İç Güvenlik Paketi – Mustafa Özkan

Sınıf mücadelesi, artan risk ve olanaklarla yeni bir dönemin eşiğinden geçiyor. Kriz ve paylaşım savaşı kıskacındaki dünya kapitalizmi, geleceği için bir çıkış yolu arıyor. Alınan bütün önlemlere (parasal genişleme, faiz indirimleri, ücretler ve sosyal hakların budanması vb.) rağmen kriz derinleşme eğilimini koruyor. Bileşik kaplar misali, bir ülkede gerileyen kriz ötekinde büyüyor. 2014 yılı içinde ABD ve İngiliz ekonomilerinde kısmi bir düzelme olurken (bu iki ülkede büyüme oranları 2.9 ve 2.8 olarak gerçekleşti), diğer gelişmiş kapitalist ülkelerde, Almanya (1.9), Fransa (0.9), İtalya (0.6) ve Japonya’da (1.5) büyüme oranlarında ciddi gerilemeler yaşandı. Bir bütün olarak ele alındığında kriz ve istikrarsızlık, kapitalist dünyanın bir numaralı sorunu olmaya devam ediyor.

İşsizlikle birlikte gelir dağılımındaki uçurum büyüyor. Emperyalist devletlerle bağımlı devletler arasındaki ilişkiler gerginleşiyor. Biriken borçlar ödenemez boyutlara ulaşıyor. Başlangıçta krizi ‘geçici bir düzenleyici’ olarak gören burjuva uzmanlar şimdi ağız birliği yapmışçasına krizden çıkışın on yıllar alacağını açıklıyorlar.

Krizin de etkisiyle keskinleşen rekabet ve paylaşım, çeşitli biçimler altında ( mali, siyasi, askeri, diplomatik, istihbari vb.) büyüyerek sürüyor. Kuzey Afrika, Ortadoğu, Doğu Avrupa ve Pasifik, rekabetin ve savaşın kızışan alanları olma özelliğini koruyor.

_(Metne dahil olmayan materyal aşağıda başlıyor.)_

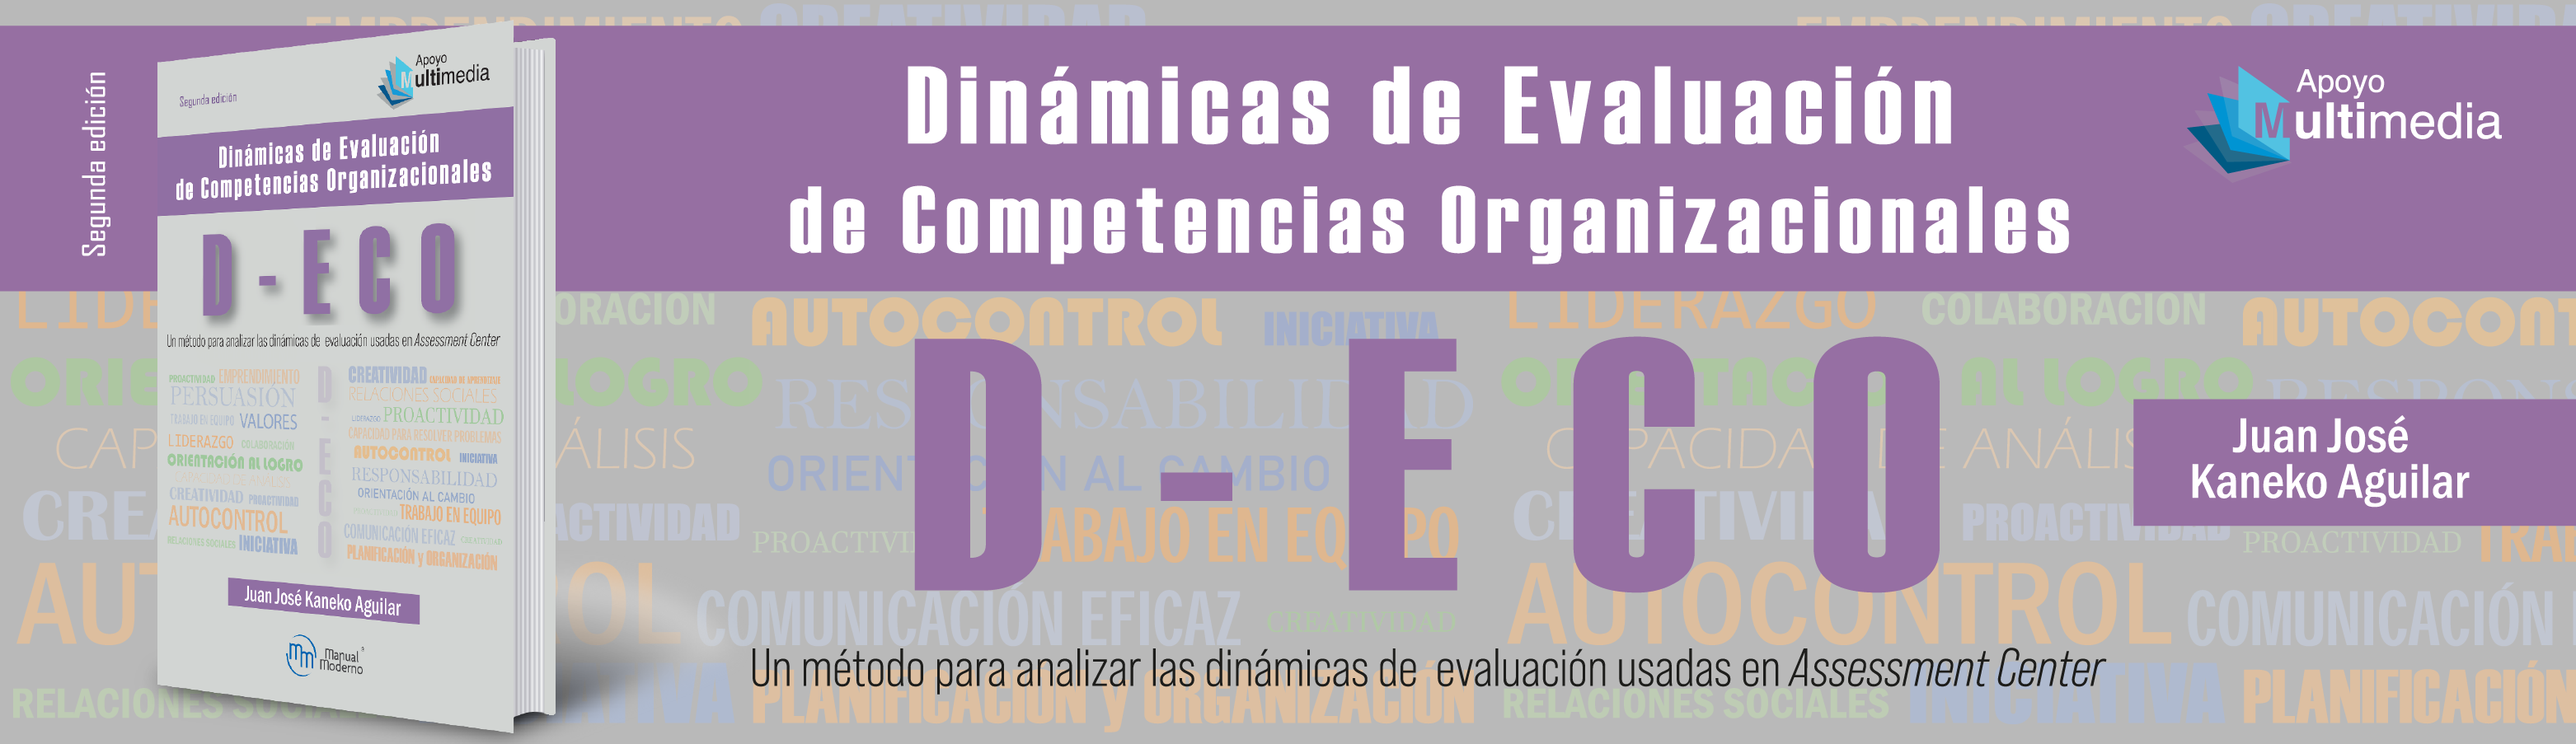 Dinámicas de evaluación de competencias organizacionales

Bu bölgelerde bugüne kadar yürütülen savaşların kapitalizmin hiçbir derdine çare olmadığı görüldü. Bu savaşlarla hiçbir emperyalist gücün lehine köklü dönüşümler sağlanamadı. Artık eski güç dengesi bozulmuştur. Savaşı salt bir olasılık olmaktan çıkaran ve büyüten de bozulan bu dengedir. ABD başkanının Kongre’den yeni savaş izni alması Irak, Suriye ve IŞİD’le sınırlı olmadığı gün gibi açıktır. Öte yandan Çin, deniz kuvvetlerine savaşa hazır ol emri veriyor, Ukrayna’da ise emperyalist güç odaklarının doğrudan karşı karşıya gelmesine yol açacak bir savaşın patlak vermesi an meselesidir. Savaşın hazırlığının en önemli göstergelerinden bir diğeri de kapitalist dünyanın bir bütün olarak silahlanma yarışı içine girmiş olmasıdır.

Derinleşen kriz ve artan savaş tehdidi altında kapitalist devletler arasındaki ilişkiler, güç – bağımlılık ekseninde yeniden kurulurken, dünya ölçüsünde ve her bir kapitalist ülke içinde sınıflar arasındaki ilişkiler de yeniden biçimleniyor. Egemen sınıfların yönetemezliğiyle, sömürülen ve ezilen sınıfların büyüyen hoşnutsuzluğu ve biriken öfkesi birlikte yol alıyor.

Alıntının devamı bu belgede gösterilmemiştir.